• _What needs to be done_
Print all the data below exactly, without images.

• _Dataset extract_
______________________________

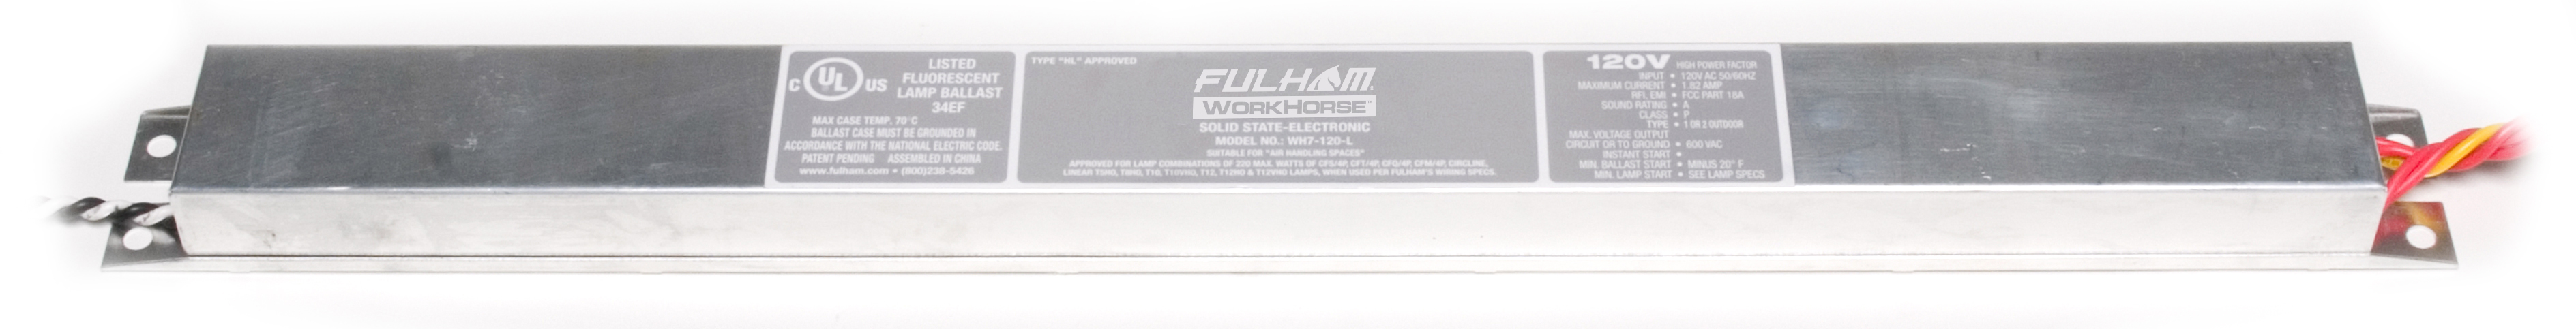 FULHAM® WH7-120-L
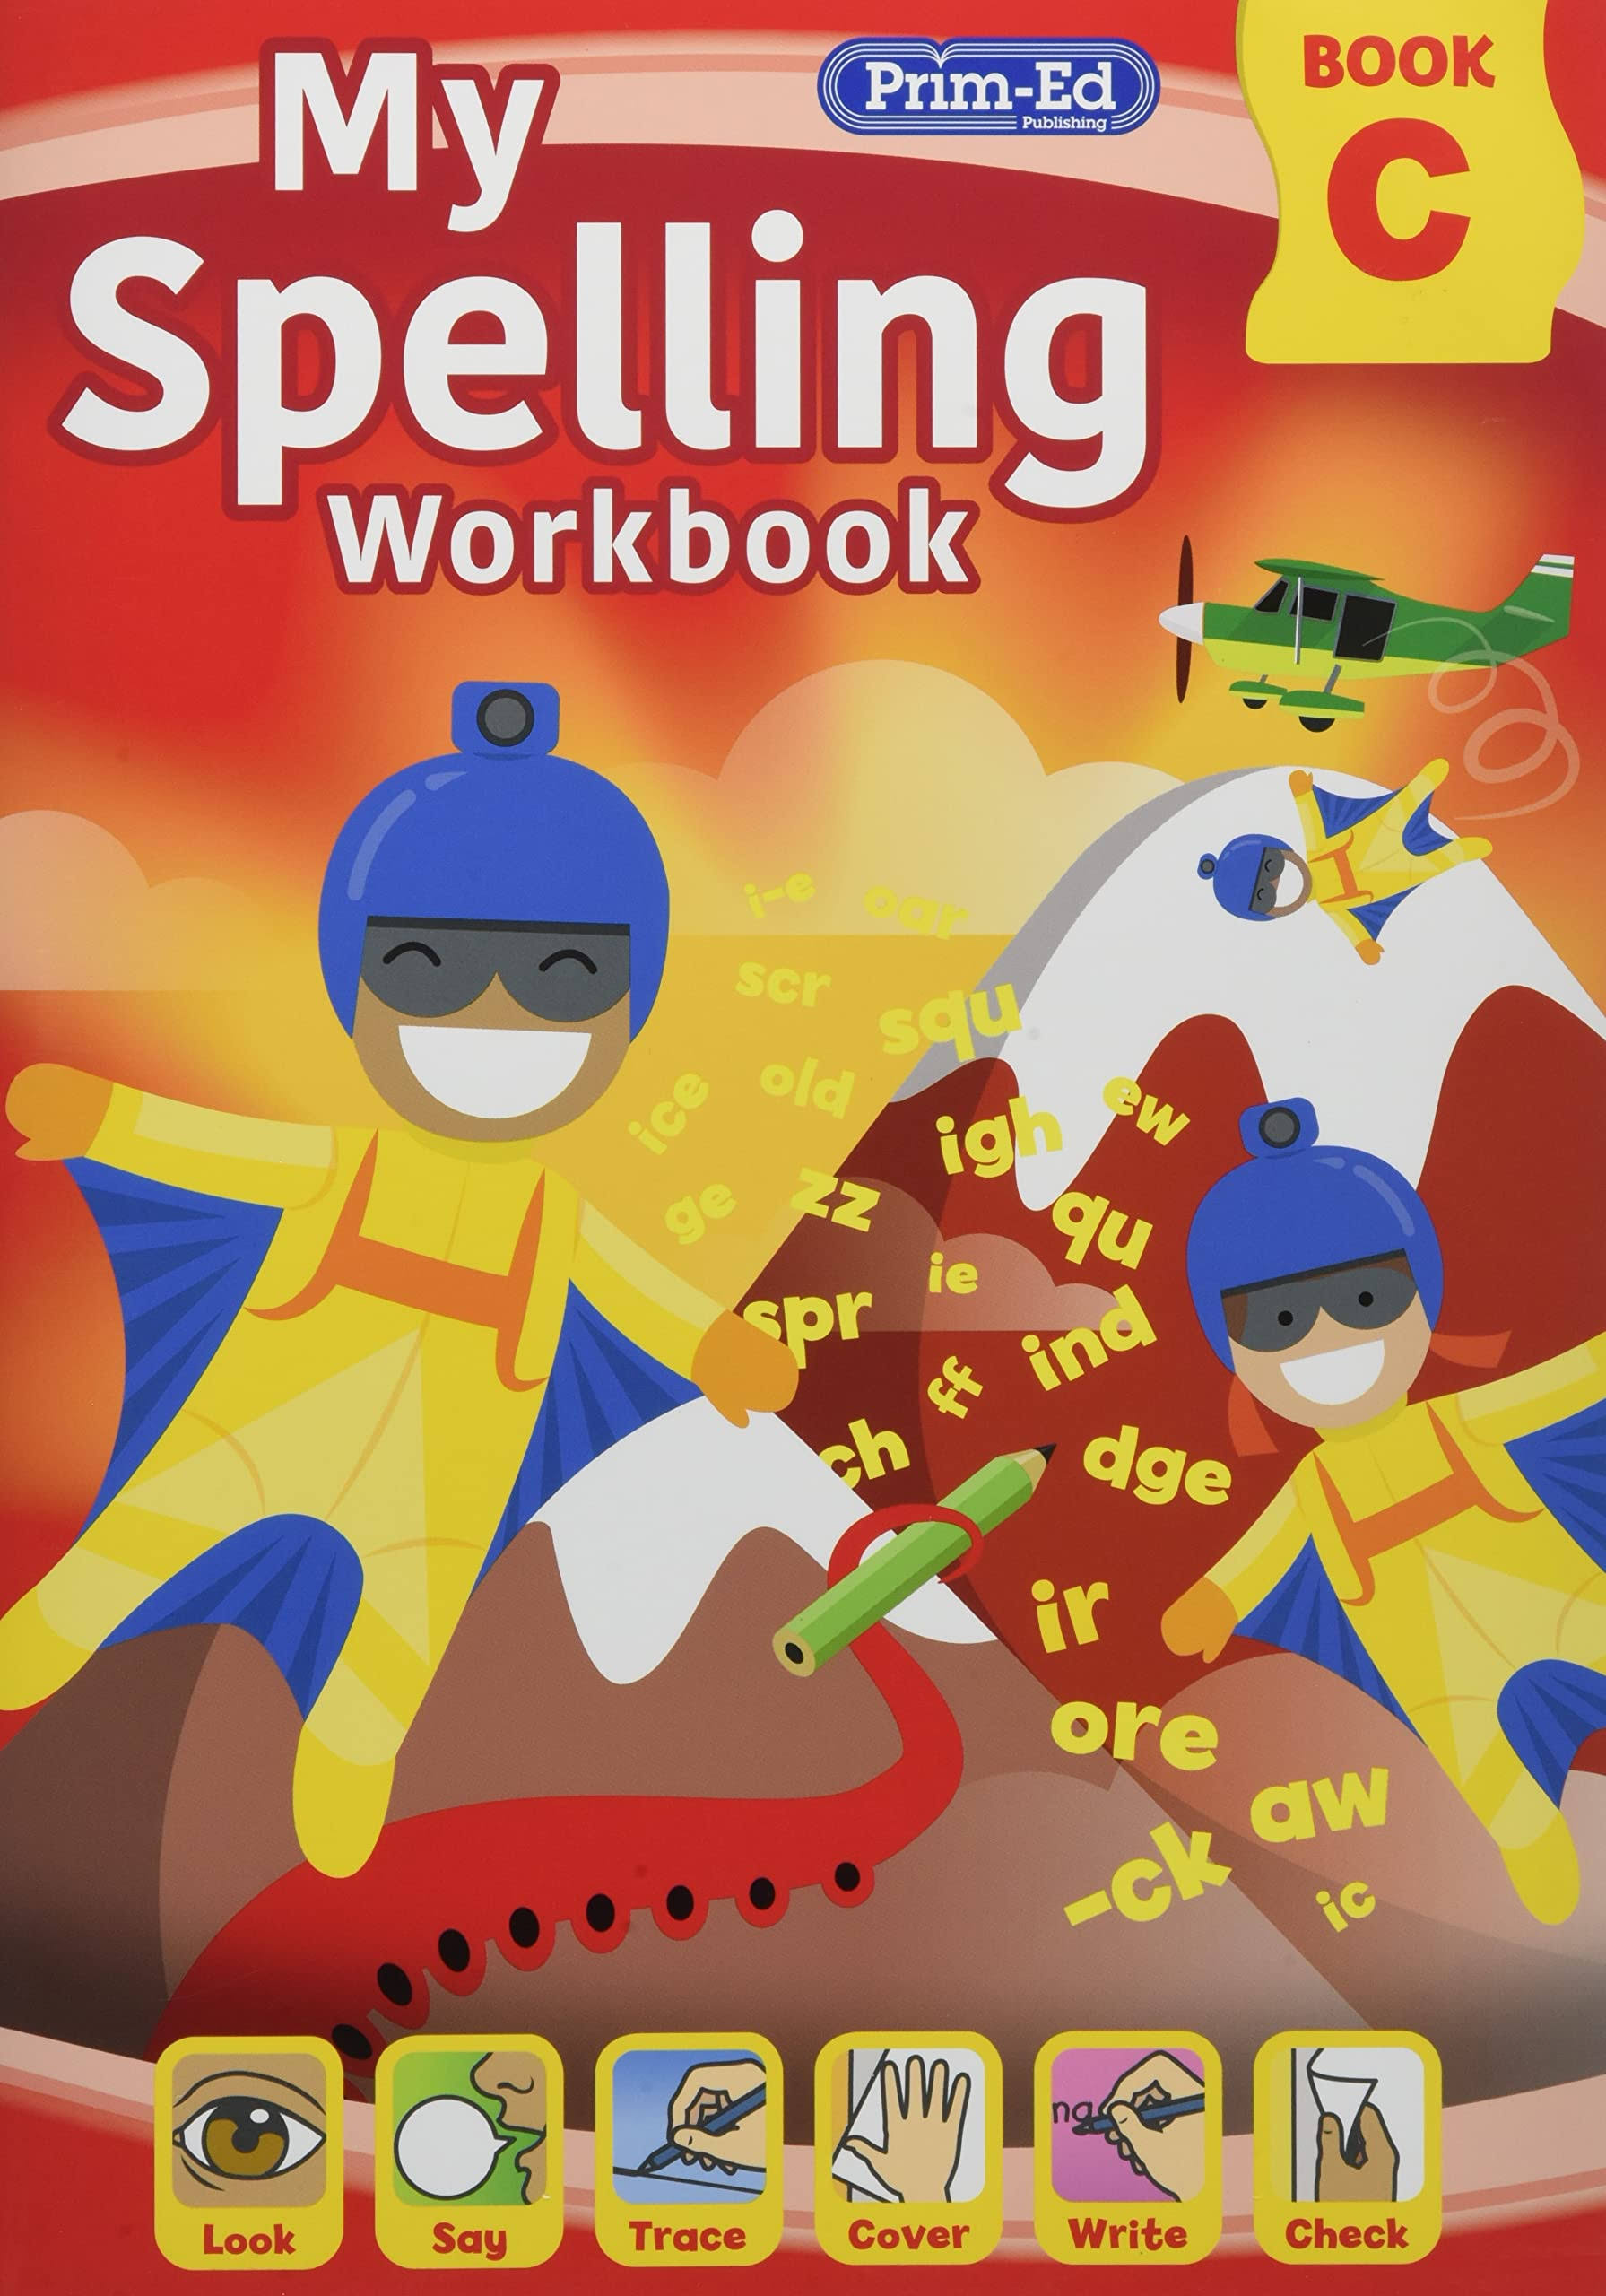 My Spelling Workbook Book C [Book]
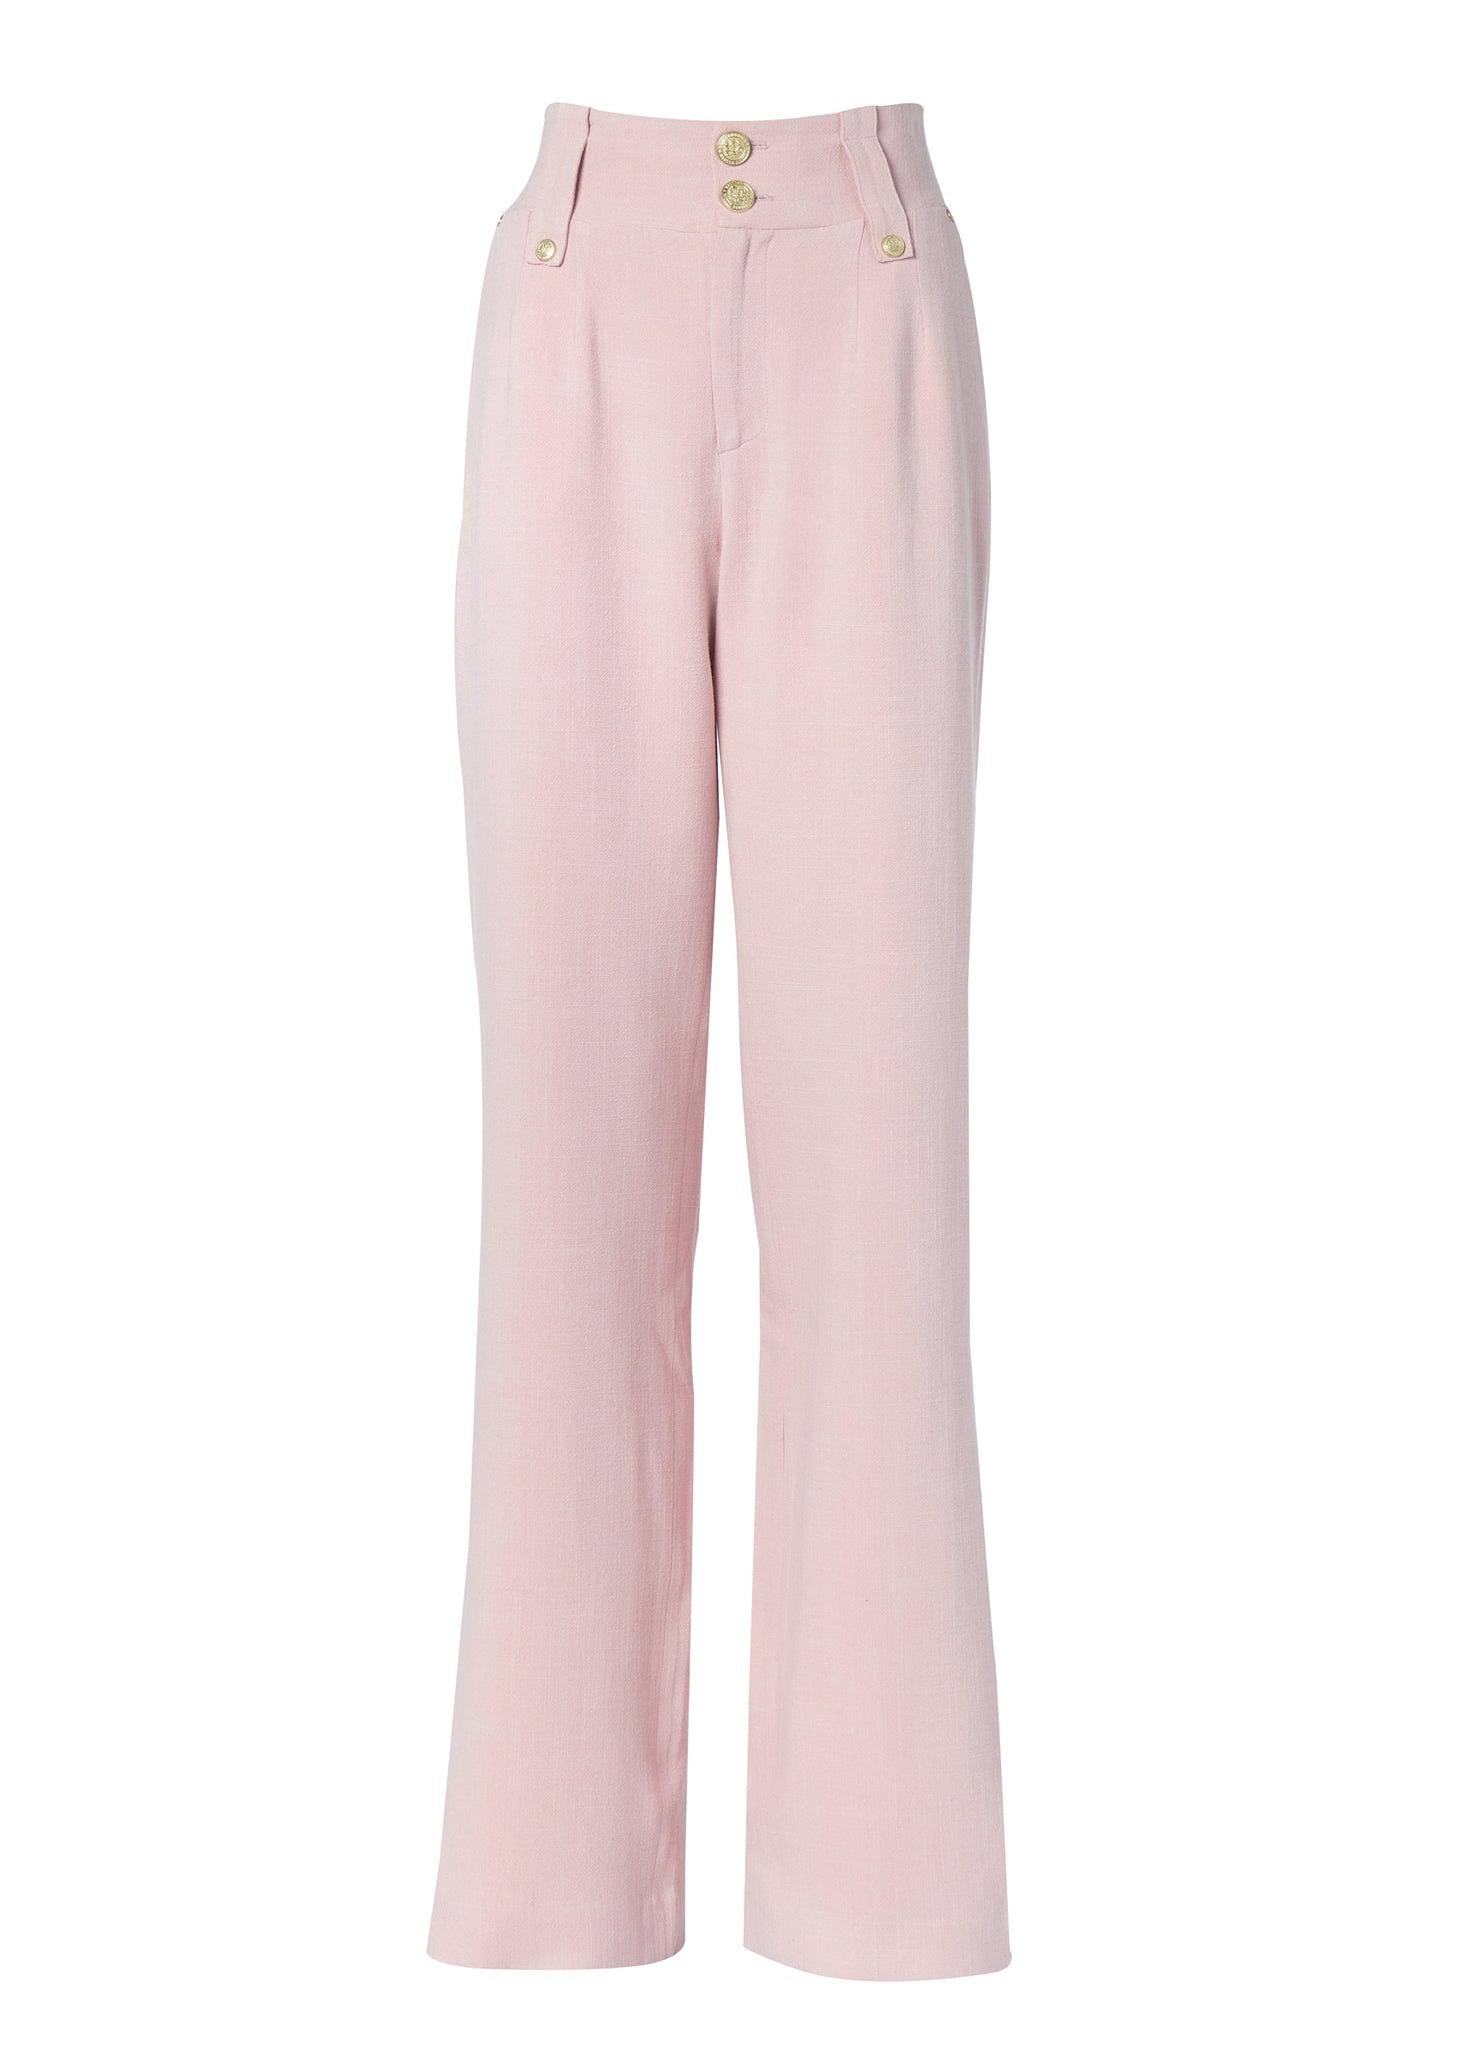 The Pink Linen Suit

______________________________

• _Response area_
 FULHAM® WH7-120-L
 My Spelling Workbook Book C [Book]
 The Pink Linen Suit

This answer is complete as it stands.